Review: Intellects sparring lustily in ‘Marcus/Emma’

Akeem Davis and Susan Riley Stevens in the InterAct Theatre Company production of 'Marcus/Emma.' (Photo courtesy of Kathryn Raines/Plate 3)

Akeem Davis and Susan Riley Stevens in the InterAct Theatre Company production of 'Marcus/Emma.' (Photo courtesy of Kathryn Raines/Plate 3)

What do you get when you pair America’s most visionary black nationalist with America’s most radical anarchist? If you’re very lucky, you get Mary Tuomanen’s raw and elaborate “Marcus/Emma,” a world premiere from InterAct Theatre Company that opened this week. You also get two remarkable actors — Akeem Davis and Susan Riley Stevens — playing them.

It’s improbable that Marcus Garvey, the capitalist and immigrant who preached black self-rule, and Emma Goldman, the Jewish anarchist and immigrant who preached tearing down capitalism, had a relationship even though they were famously radical contemporaries. (Both died in 1940, weeks apart.) No matter. The locally based Tuomanen — an actor-director-playwright who’s honed her craft in Philadelphia and once ambitiously played Hamlet — fabricates no pretense for her play. Here is Emma, in the same room with Marcus, and that’s that.

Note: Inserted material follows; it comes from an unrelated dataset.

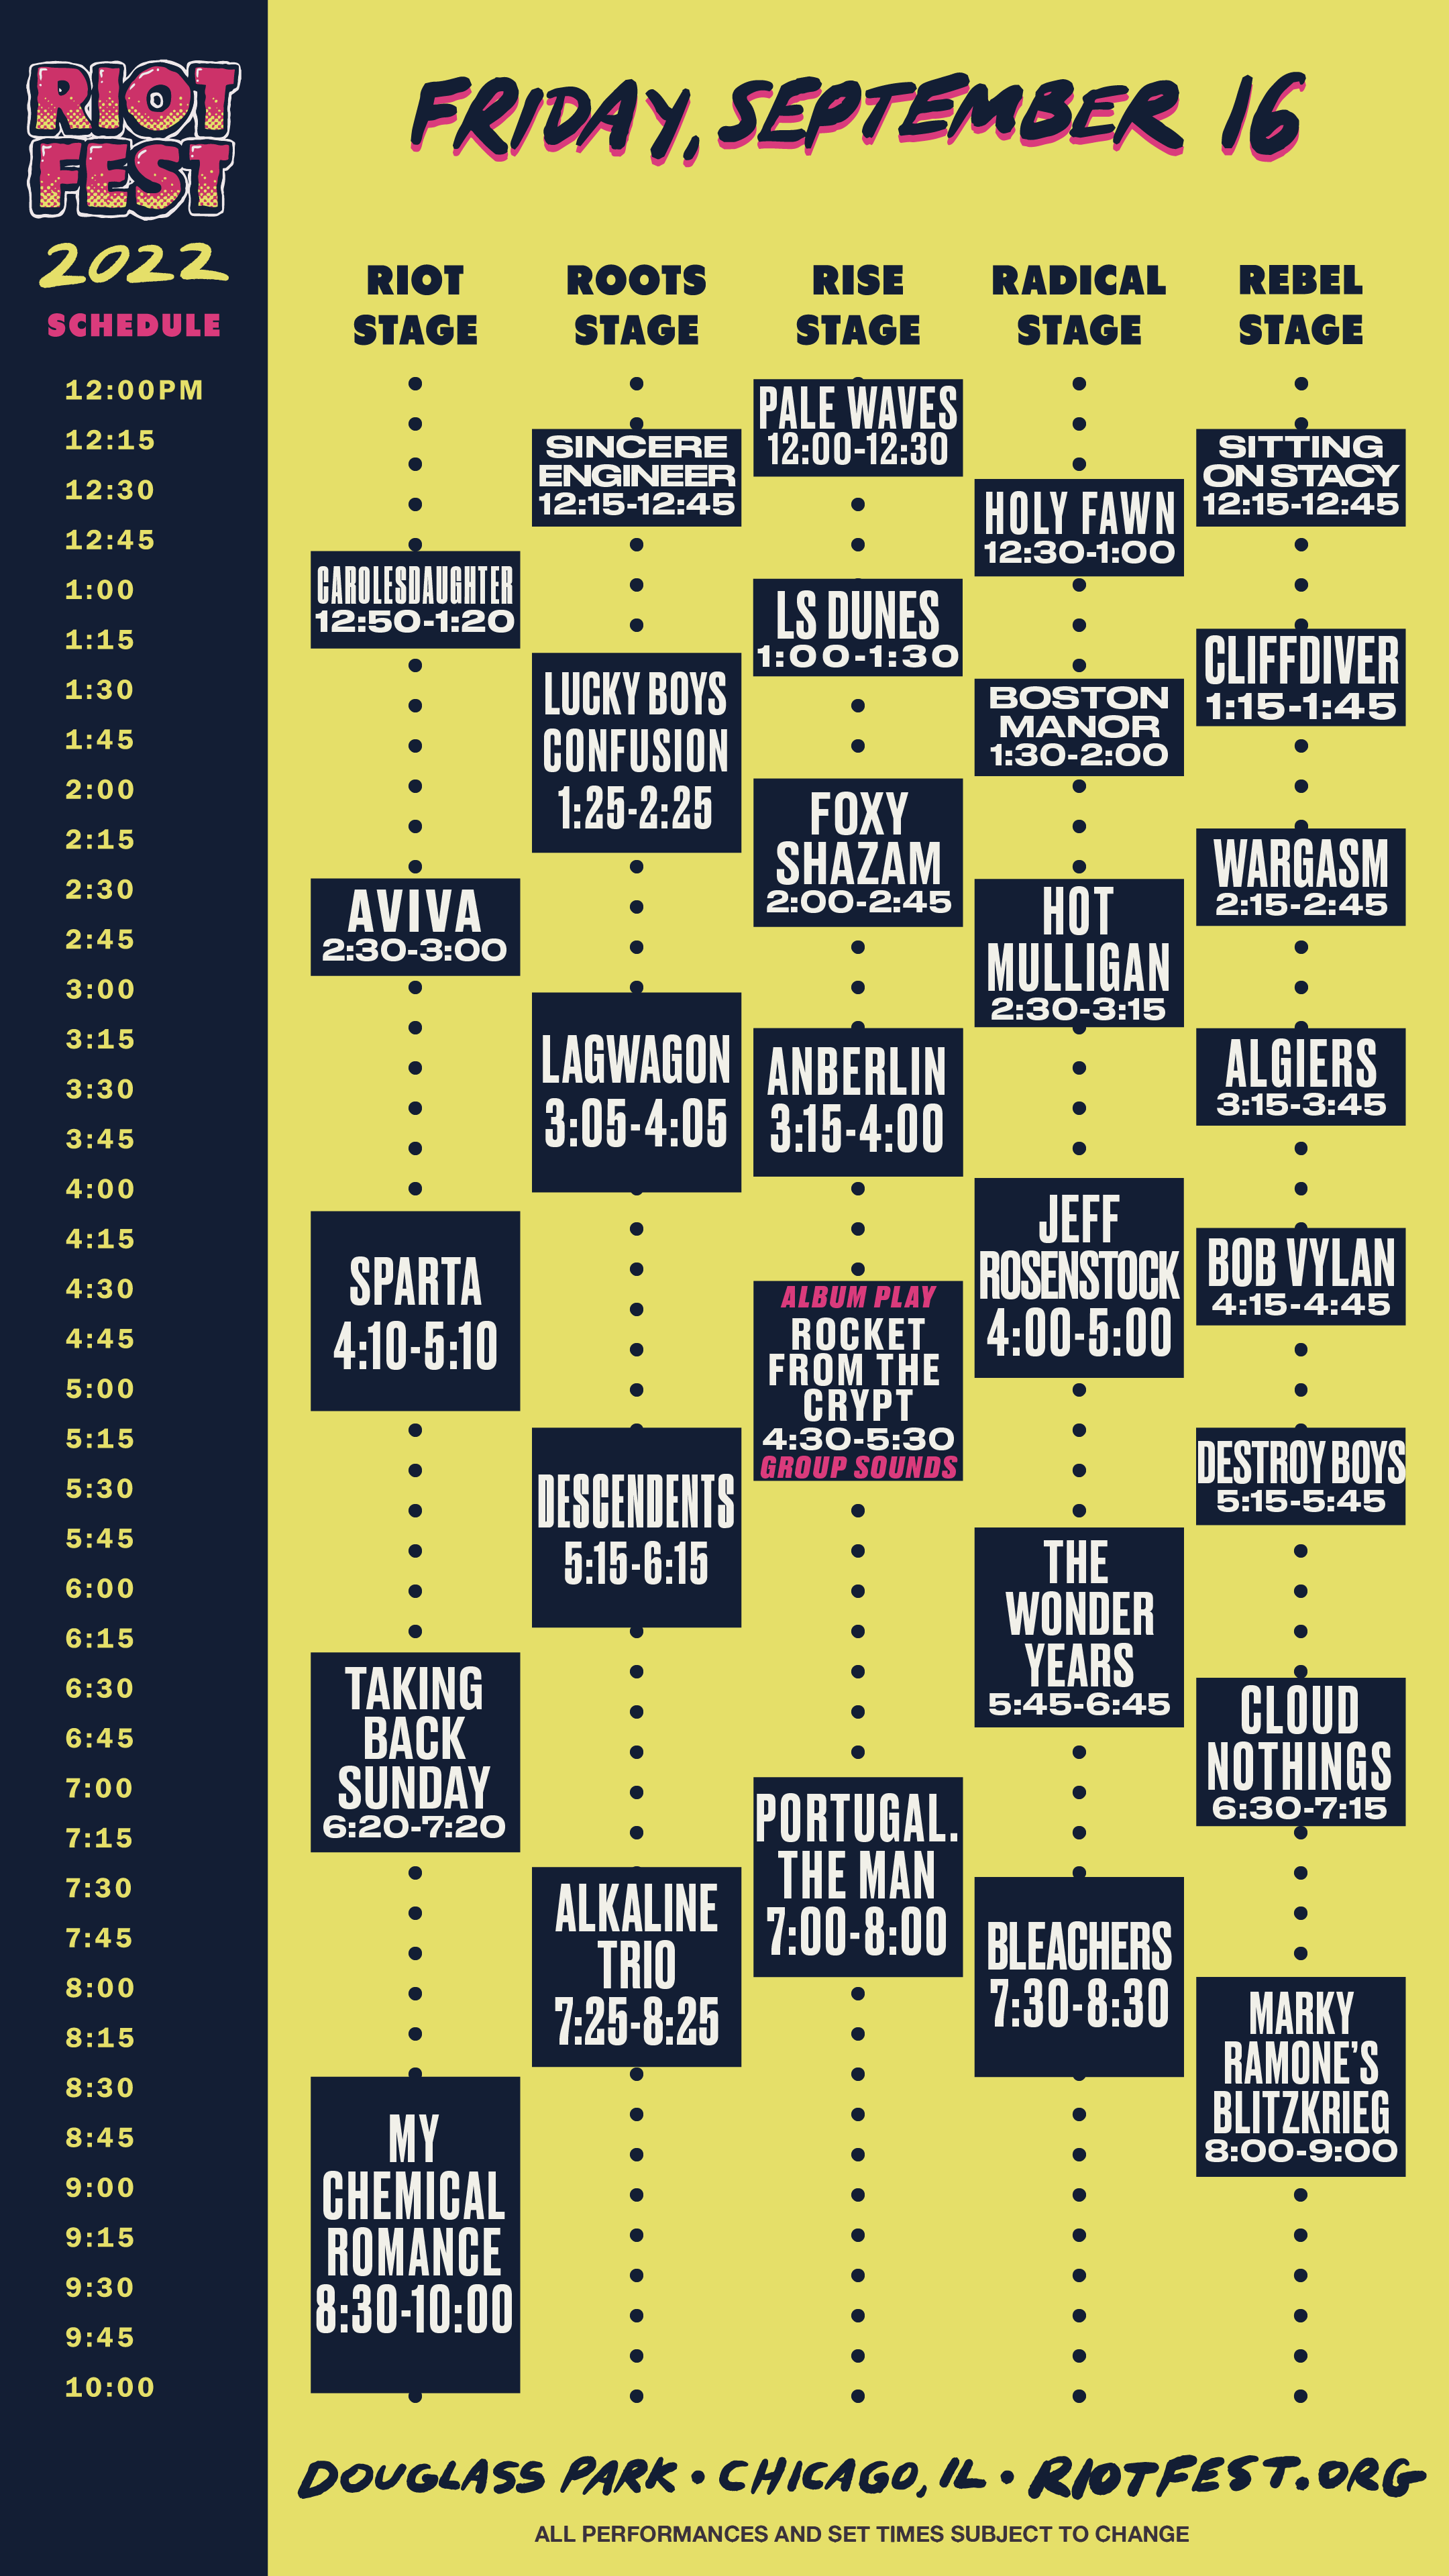 Riot Fest 2022 Friday Schedule - September 16th
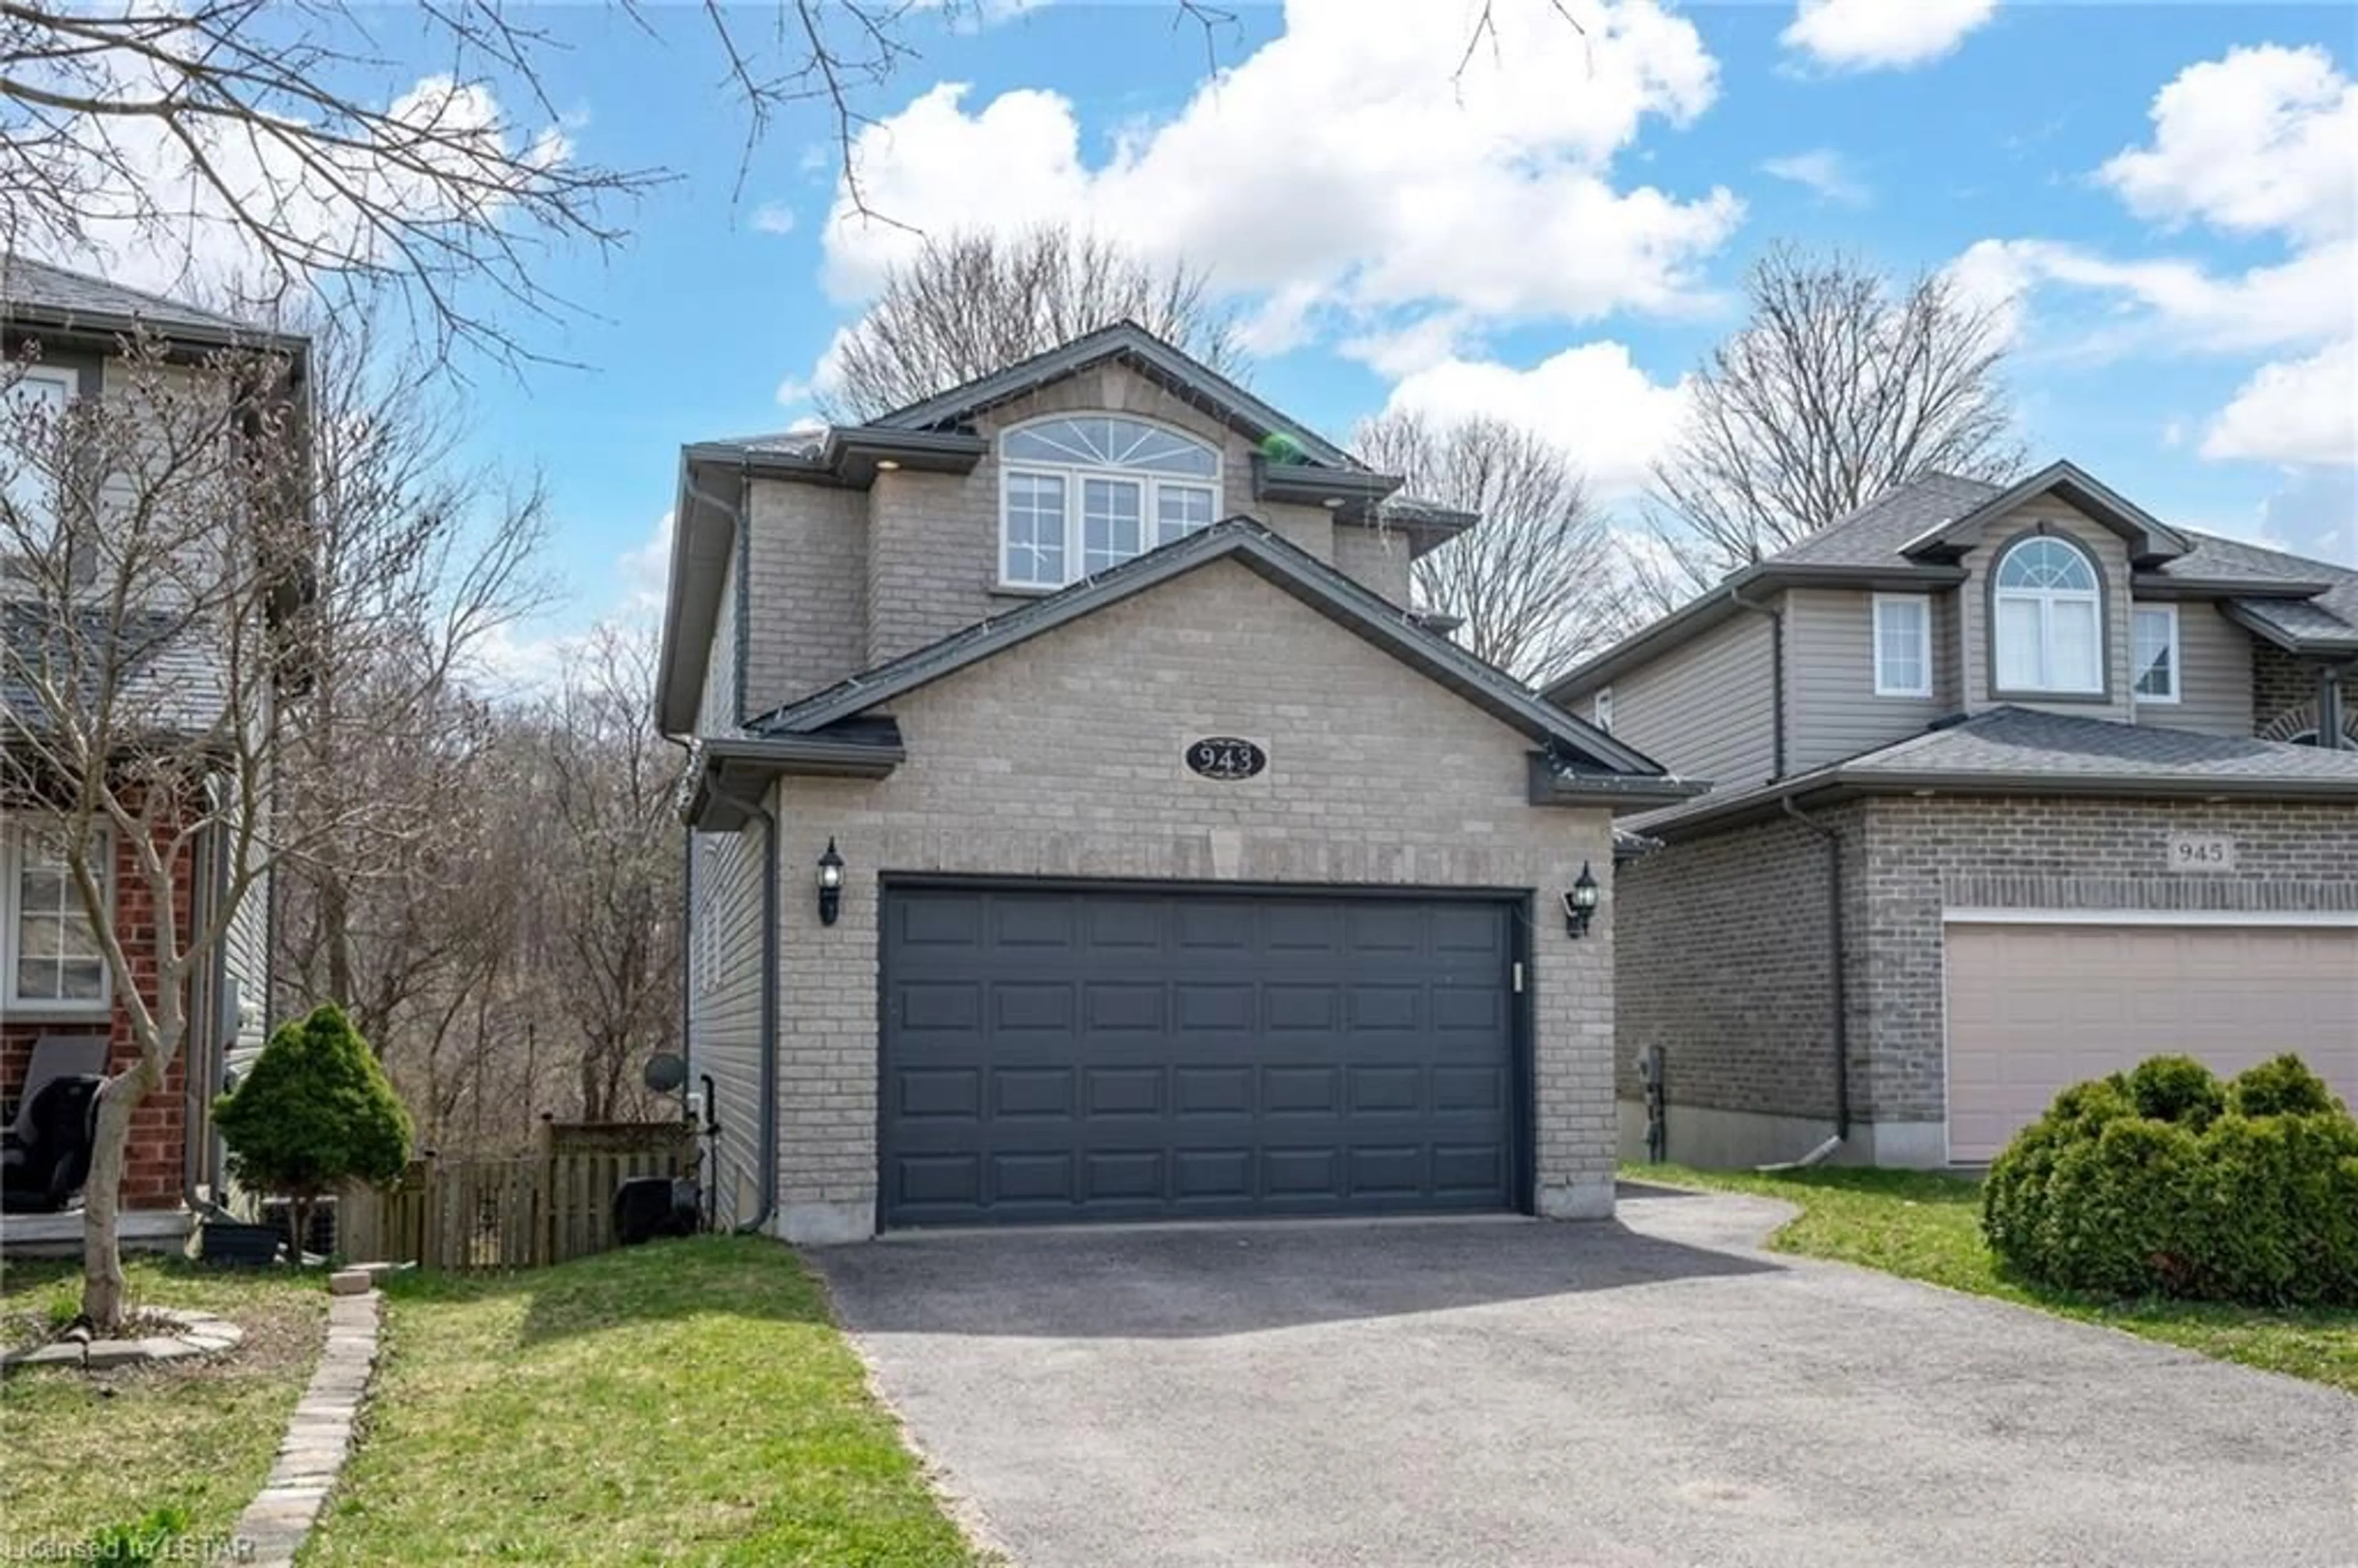 Frontside or backside of a home for 943 Blythwood Rd, London Ontario N6H 5W1

Emma screams at the crowd (in this case, the audience) to rise up against corporations and bosses who profit at their expense. Marcus insists that the crowd seek its own destiny by raising money to overthrow Africa’s colonial powers and fight America’ bigotry. What they have in common is rage, but that hardly makes for a play.

Tuomanen’s triumph is that she pits the two against each other in the diatribes, polemics and heartfelt discussions that follow, and pushes us into the intellectual fray. Goldman was a proponent of free love, and she and Marcus turn to that, too, more than once and without a stitch of sweatshop clothing. “I can’t just write a speech when I’m horny,” she complains as the two are failing to compose speeches and other urges take over.

It’s startling and fun and often deep in InterAct’s bracing production directed by Rebecca Wright. Plus, the way the brainy play juxtaposes the two radicals and overturns stereotypes is surprising. At one point, Emma stridently encourages a crowd to riot, to smash windows and destroy property. (In fact, she did this.) Marcus stands by her side, appalled. “This isn’t right!” he tells her, and yells to people pulling down light standards: “Stop! …That’s public property!”

“You are slaves,” Emma tells the nation’s workers. “You are not slaves,” Marcus counters in his insistence that black people — particularly black men — can and should forcefully enter the mainstream. Emma argues that when people put boots in Marcus’ face, all he can think about is wearing the boots.

Whew! It’s a thrilling ride for the audience and a ringer for the two actors, Davis and Stevens, who bring “Marcus/Emma” off without a hitch and in a way that makes the often extreme seem down-to-earth. Tuomanen has produced a script that, for its 90 minutes of performance, has several natural endings, but then continues. Each time, the next scene carries the tortured friendship and the arguments forward. And you’re happy to spend another few minutes being fascinated, again.

“Marcus/Emma,” produced by InterAct Theatre Company, runs through Feb. 12 at the Drake, to the side of the Drake Apartments on Spruce Street between 15th and 16th Streets. 215-568-8077 or interacttheatre.org.